Temple C is the oldest in this area, dating from 550 BC. In 1925-7 the fourteen of the north side's seventeen columns were re-erected, along with part of the entablature. It had a peristyle (24 x 63.7 metres) of 6 x 17 columns (8.62 metres high). The entrance is reached by eight steps and consists of a portico with a second row of columns and then the pronaos. Behind it is the naos and adyton in a single long narrow structure (an archaic characteristic). It has basically the same floor plan as Temple F on the East Hill. Multiple elements show a certain experimentation and divergence from the pattern of the Doric temple which later became the standard: the columns are squat and massive (some are even made from a single stone), lack entasis, show variation in the number of flutes, the width of the intercolumniation varies, the corner columns have a larger diameter than the others, etc.
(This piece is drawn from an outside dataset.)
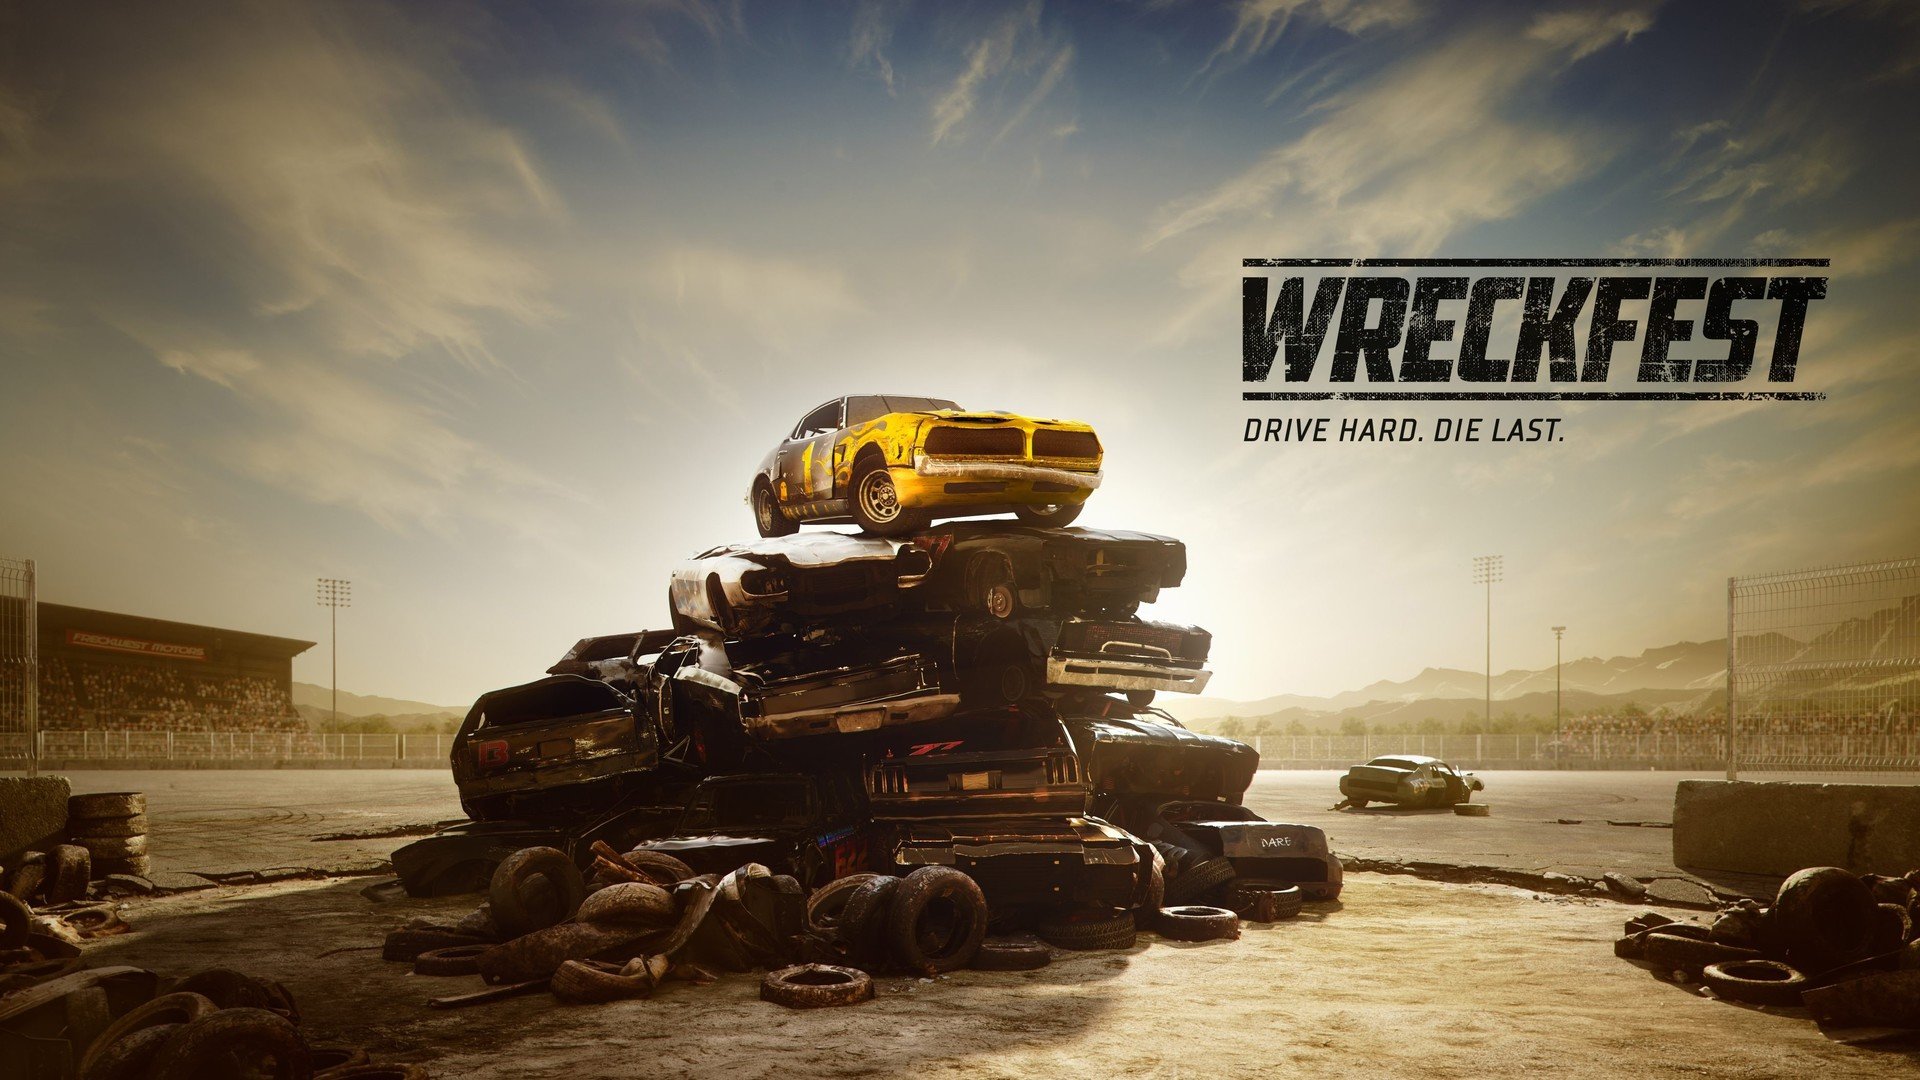 Wrext-Gen: Wreckfest Coming To Playstation 5 On June 1st 2021!

Finds in the temple include: some fragments of red, brown, and purple polychrome terracotta from the cornice decoration, a gigantic 2.5 m clay gorgon head from the pediment, three metopes representing Perseus slaying the Gorgon, Heracles with the Cercopes, and a frontal view of the quadriga of Apollo, all of which are in the Museo Archeologico di Palermo. Temple C probably functioned as an archive, since hundreds of seals have been found here and was dedicated to Apollo, according to epigraphic evidence, or perhaps Heracles. British architects Samuel Angell and William Harris excavated at Selinus in the course of their tour of Sicily, and came upon the sculptured metopes from the Archaic temple of "Temple C." Although local Bourbon officials tried to stop them, they continued their work, and attempted to export their finds to England, destined for the British Museum. Now in the echoes of the activities of Lord Elgin in Athens, Angell and Harris's shipments were diverted to Palermo by force of the Bourbon authorities and are now kept in the Palermo archeological museum.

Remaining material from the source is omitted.